1989 was a strong year for the World Wrestling Federation (WWF).  The Mega Powers angle between Hulk Hogan and Randy Savage created a strong buyrate for WrestleMania V and rematches between the two throughout the spring and summer generated healthy gates.  In addition, the company expanded its revenue streams by adding The Royal Rumble to its pay-per-view lineup in January.  And other competitors were faltering as the American Wrestling Association (AWA) was on its last legs and World Championship Wrestling (WCW) was riven by divisions between Executive Vice President Jim Herd and talent like Ric Flair.  Times were good for the WWF’s Golden Age.

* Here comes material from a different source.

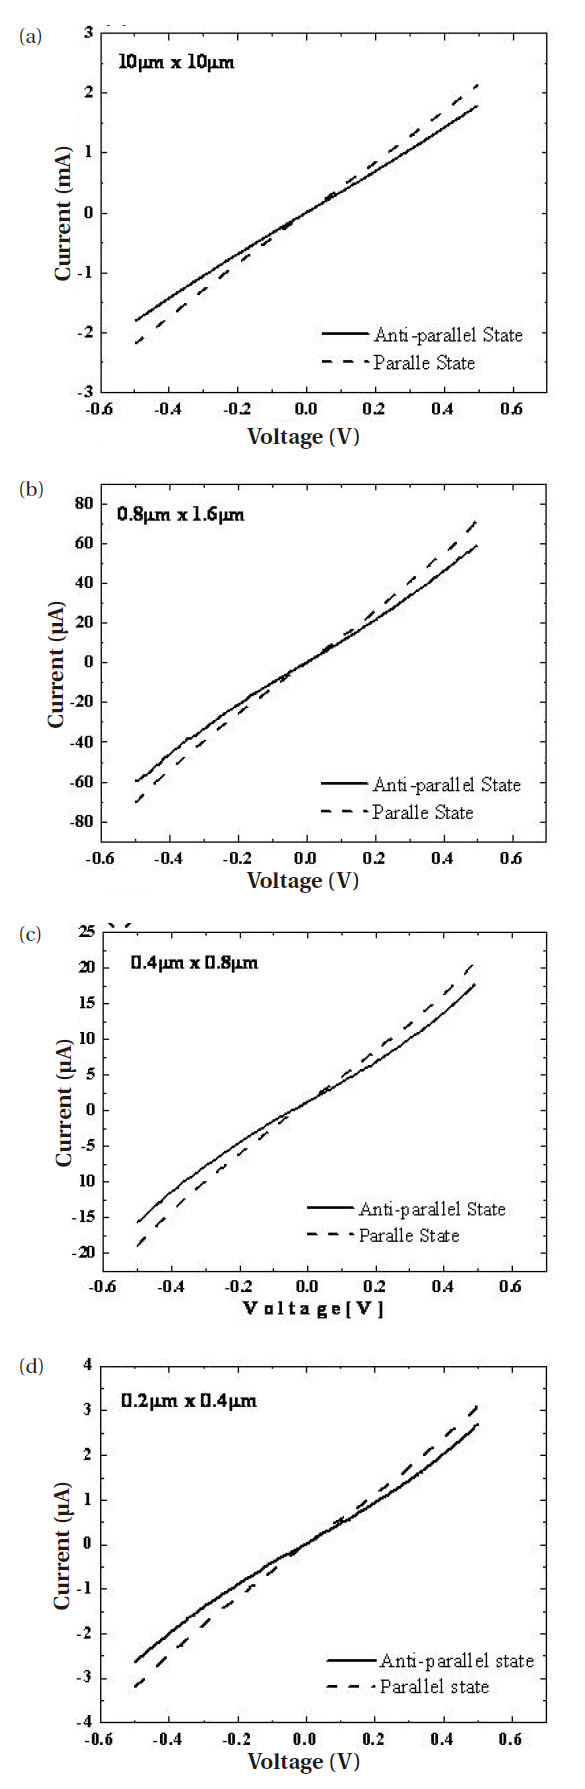 The magnetoresistance with respect to the applied voltage: (a) 10 ㎛ × 10 ㎛ (b) 1.6 ㎛ × 0.8 ㎛ (c) 0.8 ㎛ × 0.4 ㎛ and (d) 0.4㎛ × 0.2 ㎛.

However, there were some cracks underneath the surface that the WWF would grapple with as 1990 began.  The company’s star, Hulk Hogan, wanted to make his mark on Hollywood and WWF owner Vince McMahon wanted to find the next big act to replace him.  And without Hogan it was unclear whether casual fans, who fueled the WWF’s rise throughout the late 1980s, would continue to tune in.  Intercontinental Champion the Ultimate Warrior appeared the most likely successor, with a physical build similar to Hogan’s and laying claim to being the second-biggest star in the company.  Both men had been kept away from each other in storylines and McMahon looked at a clash between them as a way to resolve the conundrum.  And beyond the Hogan-Warrior transition there were questions as to who the big heels of the company would be.  Randy Savage and Ted DiBiase had failed in their efforts to win the WWF Championship, reduced in standing by multiple losses.  Mr. Perfect, Rick Rude, and Zeus were considered possibilities but Perfect had not held a singles title yet, Hogan refused to work a program with Rude, and Zeus was limited in the ring.  So, the WWF was on the look for new talents that they could slot into main event programs and continue to draw houses on par with those of the late 1980s.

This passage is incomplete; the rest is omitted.